A : Madame, vos histoires commencent à être invraisemblables. Ralentissez, on dirait que vous chassez les primes. »
Elle a eu chaud, mais quel plaisir elle avait à nous décrire la tête de l’assureur. Elle pouvait être plusieurs minutes à essayer de nous raconter la scène, tordue de fous rires, incapable de prononcer un mot sans éclater. Son assureur avait sans doute reçu un plus grand choc que le lama.

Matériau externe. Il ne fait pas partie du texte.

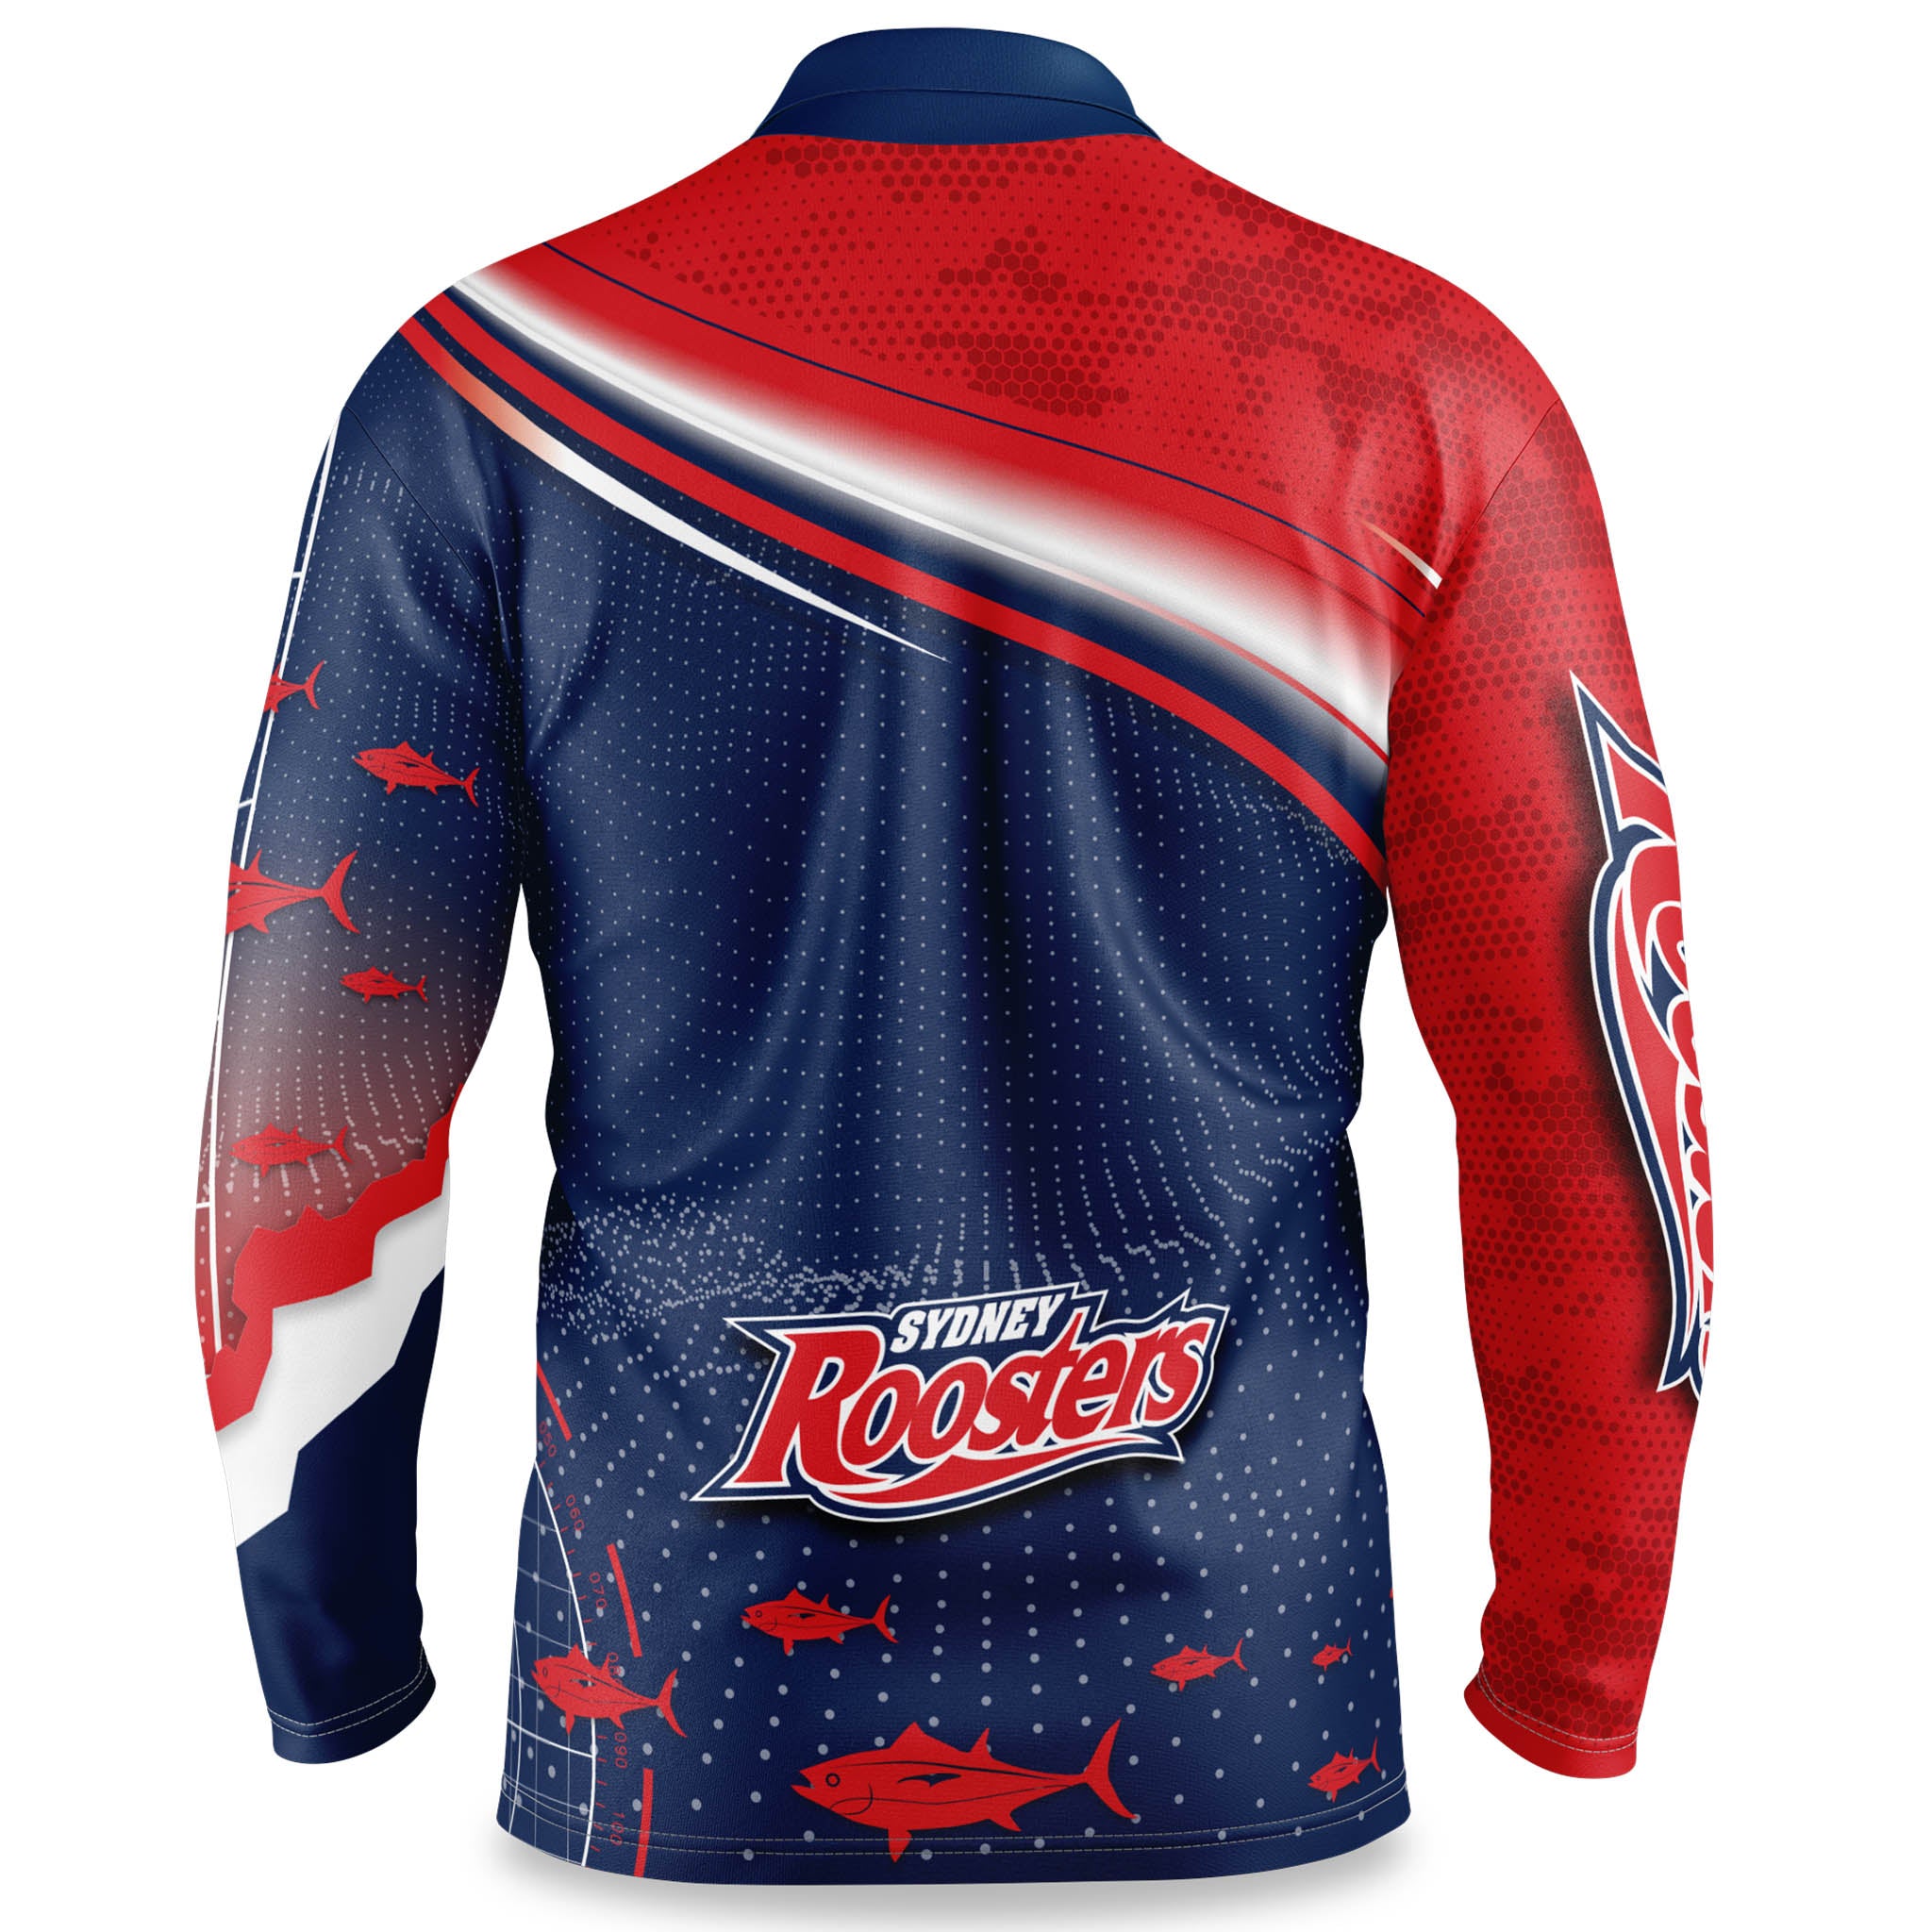 Roosters Fishfinder Fishing Shirt - The Rugby Shop Darwin

MM : « Bonjour M. l’assureur.
A : Encore vous !
MM : J’ai…
A : Ah non ! Non, non, non. C’est quoi maintenant ? C’est l’éléphant ? Le seul éléphant du zoo de Granby s’est échappé et vous avez réussi à le frapper ?
MM : Mais…
A : Non, j’en ai assez de vos histoires », hurla-t-il.
La dernière rencontre n’existe pas. C’est pour rire, mais ce n’est pas si drôle. Mon intention n’est pas de comparer les assureurs à la classe moyenne, mais pour plusieurs, le premier et espérons le dernier budget Bachand, a eu l’effet d’un pachyderme dans le pare-brise. Les dégâts de l’éléphant ne sont même pas si ravageurs. Un lama, un chevreuil et un héron étaient passés par là avant. Le gouvernement Charest nous sert un peu la même salade. C’est avec persistance qu’il s’acharne sur ceux qui paient le plus de taxes et d’impôts proportionnellement à leurs revenus. Au fil du temps, ils oublient la récurrence de projets comme le Suroît, les hausses de tarifs de tout l’appareil public malgré les promesses de gel, les scandales à répétition – construction, garderies, écoles confessionnelles, accommodements raisonnables, nomination des juges, financement des partis – le parc du mont Orford, les crises comme celle de la listériose, H1N1, les urgences, etc… Ils réagissent un peu, le temps passe et voilà Charest avec une majorité. Le prochain gouvernement sera certainement libéral.
Le plus indécent, c’est qu’il rigole bien de notre gueule. « Le gouvernement fait 62 % des efforts » qu’on nous dit dans de belles publicités pleine page dans nos journaux. La classe moyenne s’en fout que le gouvernement fasse des efforts, c’est encore elle qui va écoper avec la baisse des services. Les riches auront toujours les moyens de se payer du privé en éducation ou en santé.
Pire encore, c’est d’entendre à chaque conférence de presse, les ministres se gargariser : « Nous sommes très fiers du budget ». Bien sûr, les contributeurs du parti sont épargnés. À moins qu’ils s’étouffent, ou… que ma mère passe par là.